⁶College of Horticulture and Forestry Sciences, Huazhong Agriculture University, Wuhan, China.
DOI: 10.4236/ajps.2015.69149 PDF HTML XML 6,603 Downloads 10,997 Views Citations

Abstract

The forests of Pakistan replicate plentiful climatic, physiographic and edaphic differences in the country and these forests face a serious problem of deforestation. Geographic information system (GIS) techniques and remote sensing (RS) from satellite platforms offer a best way to identify those areas of deforestation, and thus a GIS and RS based study was conducted in tehsil Barawal, district Dir (U) to analyze forest cover change.
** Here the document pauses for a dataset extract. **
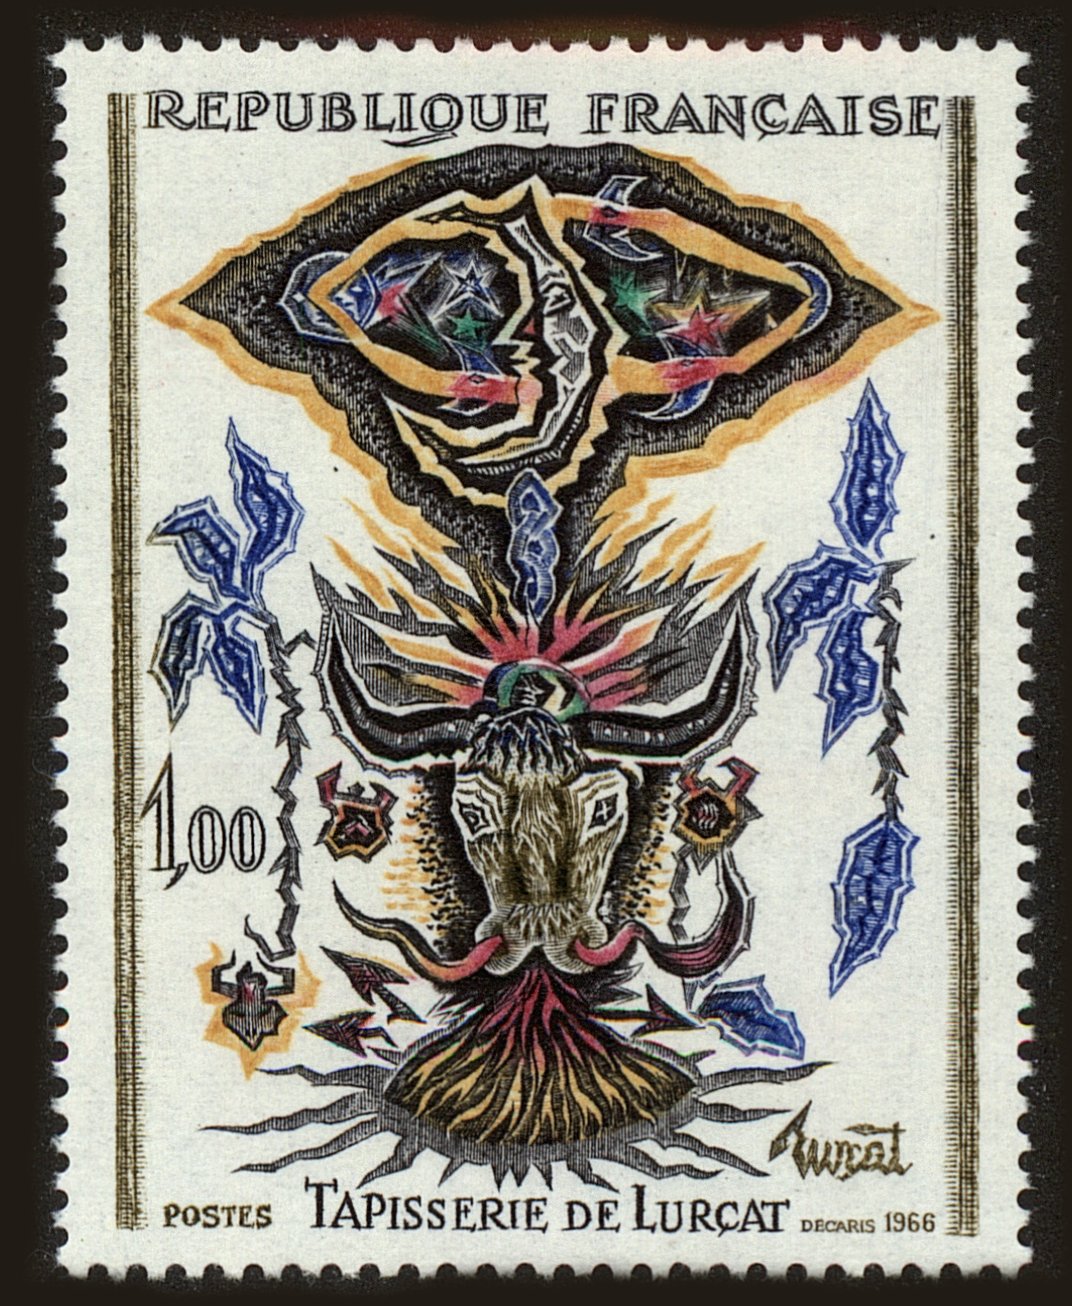 Front view of France 1152 collectors stamp

The main objectives of the study were to: 1) identify different classes of land use and land cover, and its spatial distribution in the study area; 2) determine the trend, nature, location and magnitude of forest cover change; and 3) prepare maps of forest-cover change in different time periods in the study area. To assess the objectives remote sensing and GIS techniques were utilized. A supervised image classification technique was applied on Landsat 5 satellite images of 2000 and 2012. Five main classes such as agriculture, forest, barren land, snow and water were identified. The results showed that the area of forest, barren land, agriculture, water and snow in year 2000 was 49.54%, 43.38%, 5.19%, 1.40% and 0.49% and the area in 2012 was 37.17%, 41.36%, 12.69%, 5.05% and 3.72% respectively. Furthermore 2.02% decrease in barren land, 12.37% decrease in forest and 7.5% increase in agriculture land were identified. Due to high deforestation rate and increased agricultural activities, it is recommended that awareness campaign should be launched in the study area to protect and conserve this forest from further deforestation.

Keywords

Deforestation, Change Analysis, Forest Cover Change

Share and Cite:

Sajjad, A. , Hussain, A. , Wahab, U. , Adnan, S. , Ali, S. , Ahmad, Z. and Ali, A. (2015) Application of Remote Sensing and GIS in Forest Cover Change in Tehsil Barawal, District Dir, Pakistan. American Journal of Plant Sciences, 6, 1501-1508. doi: 10.4236/ajps.2015.69149.

1. Introduction

In Pakistan forest area is only 4.8 million hectare out of its total geographical land [1] [2] . 1.96 million hectare area (43% of the total forests) is coniferous hill forests; 1.72 million hectare area (37.2% of the total forests) is scrub or foot hill forests; 0.234 million hectare area is irrigated plantations; 0.297 million hectare area is riverain and 0.35 million hectare area is mangroves in the delta of Indus river [3] . The forest resources of Pakistan are mostly found in the northern parts (15.7% in Gilgit Baltistan, 6.5% in Azad Kashmir and 40% in Khyber Pakhtunkhwa). In Khyber Pakhtunkhwa the forests are mostly spread over the Korakoram, Hindukush and Himalayas mountains and Scrub, and coniferous forests are mostly found in the upper slopes of district Dir, Swat, Mansehra and Chitral while the alpine pastures are found on the ridges of the mountains.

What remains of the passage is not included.